What you will do -
Once the line with "inflatable Deer , AN-Deer3" is found in the entries below, print it and each following line exactly, stopping after the line with "Fist Handwear Camo Crew Socks"; print nothing else.

Records shown -
-------

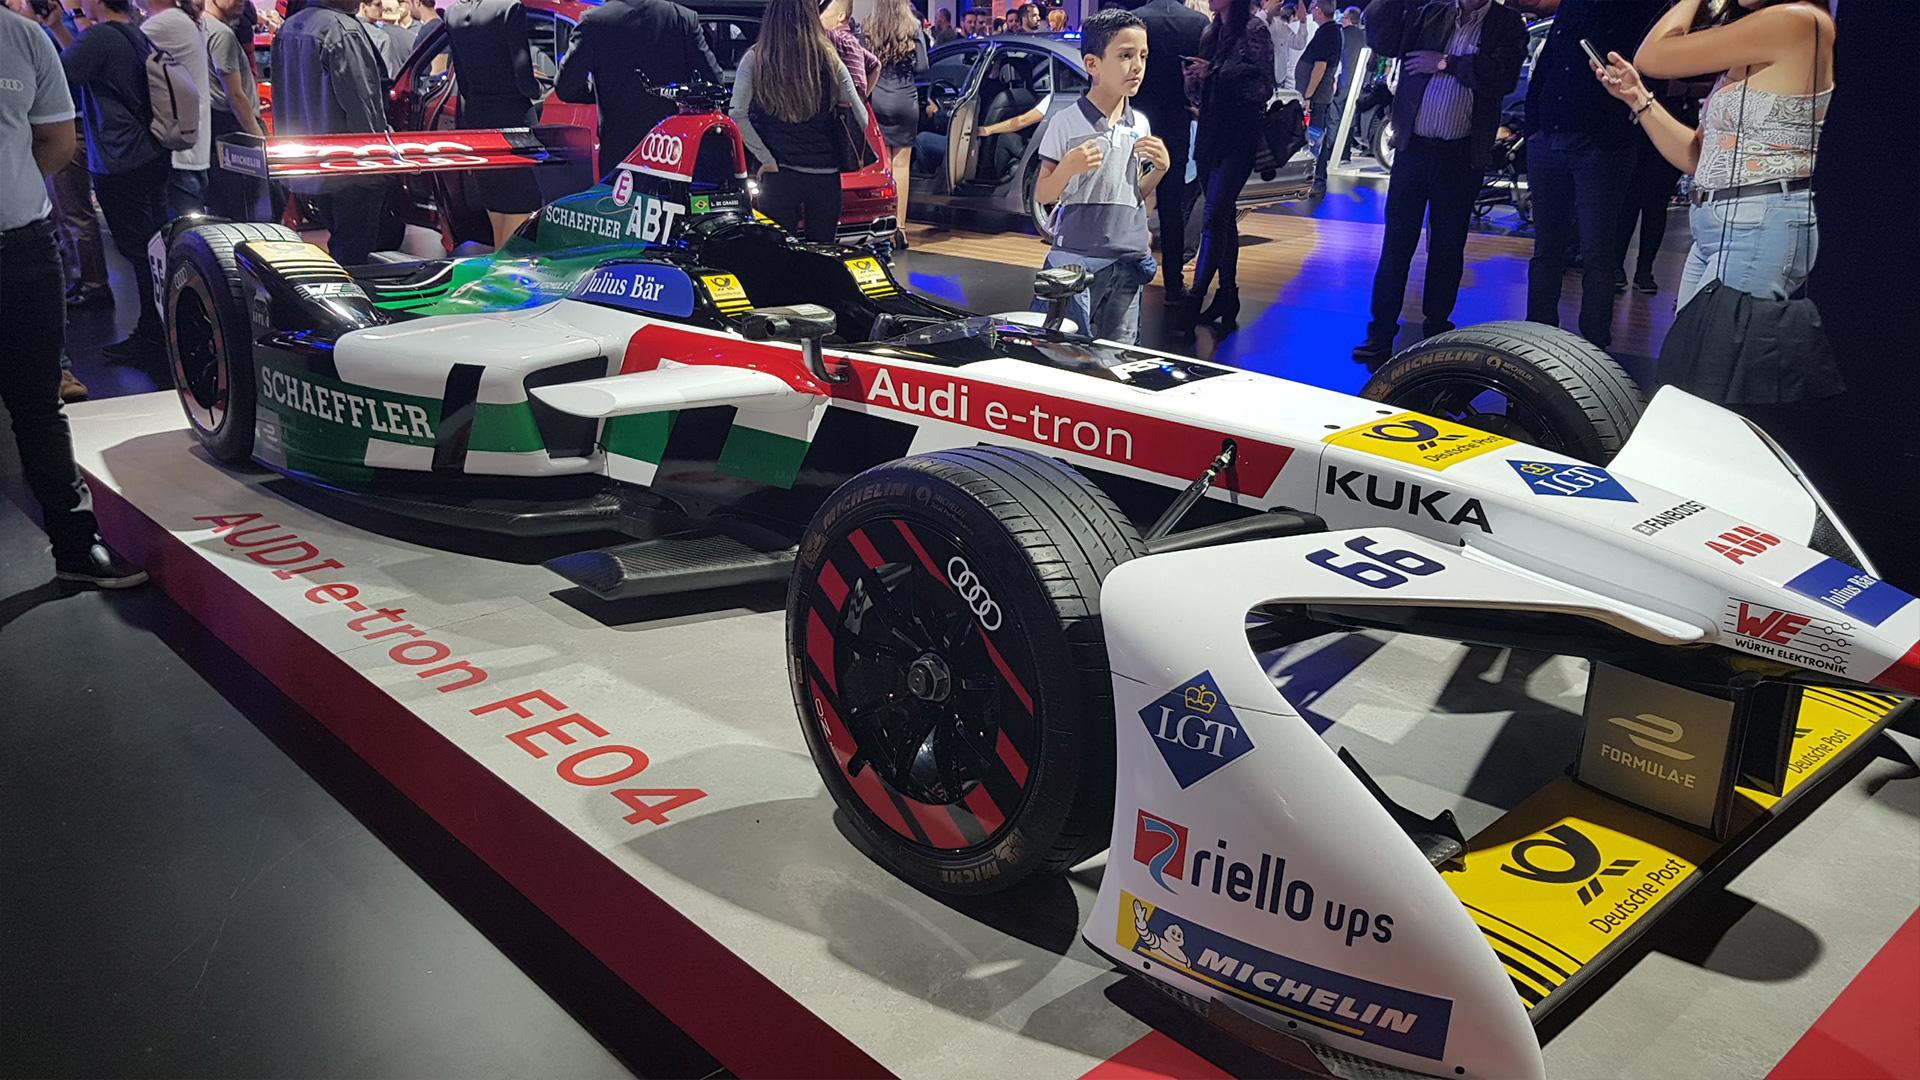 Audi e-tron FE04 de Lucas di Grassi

-------

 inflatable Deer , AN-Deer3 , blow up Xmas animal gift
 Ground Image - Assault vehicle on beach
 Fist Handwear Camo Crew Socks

-------

Response area -
 inflatable Deer , AN-Deer3 , blow up Xmas animal gift
 Ground Image - Assault vehicle on beach
 Fist Handwear Camo Crew Socks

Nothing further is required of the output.